BRIEF: Word for word, restate every line from the one with "Magnetic Men f." through the end of the records below, both included, and add nothing.

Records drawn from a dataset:
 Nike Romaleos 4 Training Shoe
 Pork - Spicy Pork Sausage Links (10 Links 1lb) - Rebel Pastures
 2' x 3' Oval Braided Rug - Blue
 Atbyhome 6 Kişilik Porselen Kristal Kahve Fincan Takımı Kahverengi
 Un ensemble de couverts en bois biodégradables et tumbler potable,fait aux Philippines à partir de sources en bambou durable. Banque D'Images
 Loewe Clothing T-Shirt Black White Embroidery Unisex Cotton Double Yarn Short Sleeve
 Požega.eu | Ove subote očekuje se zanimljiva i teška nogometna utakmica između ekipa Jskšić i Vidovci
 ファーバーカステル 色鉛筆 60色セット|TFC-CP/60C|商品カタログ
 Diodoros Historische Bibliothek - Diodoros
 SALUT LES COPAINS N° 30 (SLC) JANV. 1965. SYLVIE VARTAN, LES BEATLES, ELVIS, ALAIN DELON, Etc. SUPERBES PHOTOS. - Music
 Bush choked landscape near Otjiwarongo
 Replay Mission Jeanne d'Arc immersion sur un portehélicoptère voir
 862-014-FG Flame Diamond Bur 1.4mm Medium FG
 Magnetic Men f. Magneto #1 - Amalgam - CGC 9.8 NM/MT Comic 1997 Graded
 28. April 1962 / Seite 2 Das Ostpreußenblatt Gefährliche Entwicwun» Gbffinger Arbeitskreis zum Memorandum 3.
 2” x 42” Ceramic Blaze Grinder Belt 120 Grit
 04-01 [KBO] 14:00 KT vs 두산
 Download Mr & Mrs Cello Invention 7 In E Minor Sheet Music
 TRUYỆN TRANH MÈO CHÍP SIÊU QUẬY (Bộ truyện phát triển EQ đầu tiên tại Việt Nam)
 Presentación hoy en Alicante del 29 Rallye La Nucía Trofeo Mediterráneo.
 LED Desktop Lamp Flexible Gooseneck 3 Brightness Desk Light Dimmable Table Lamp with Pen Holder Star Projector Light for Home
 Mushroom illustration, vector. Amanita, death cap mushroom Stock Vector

COMPLETED EXERCISE:
 Magnetic Men f. Magneto #1 - Amalgam - CGC 9.8 NM/MT Comic 1997 Graded
 28. April 1962 / Seite 2 Das Ostpreußenblatt Gefährliche Entwicwun» Gbffinger Arbeitskreis zum Memorandum 3.
 2” x 42” Ceramic Blaze Grinder Belt 120 Grit
 04-01 [KBO] 14:00 KT vs 두산
 Download Mr & Mrs Cello Invention 7 In E Minor Sheet Music
 TRUYỆN TRANH MÈO CHÍP SIÊU QUẬY (Bộ truyện phát triển EQ đầu tiên tại Việt Nam)
 Presentación hoy en Alicante del 29 Rallye La Nucía Trofeo Mediterráneo.
 LED Desktop Lamp Flexible Gooseneck 3 Brightness Desk Light Dimmable Table Lamp with Pen Holder Star Projector Light for Home
 Mushroom illustration, vector. Amanita, death cap mushroom Stock Vector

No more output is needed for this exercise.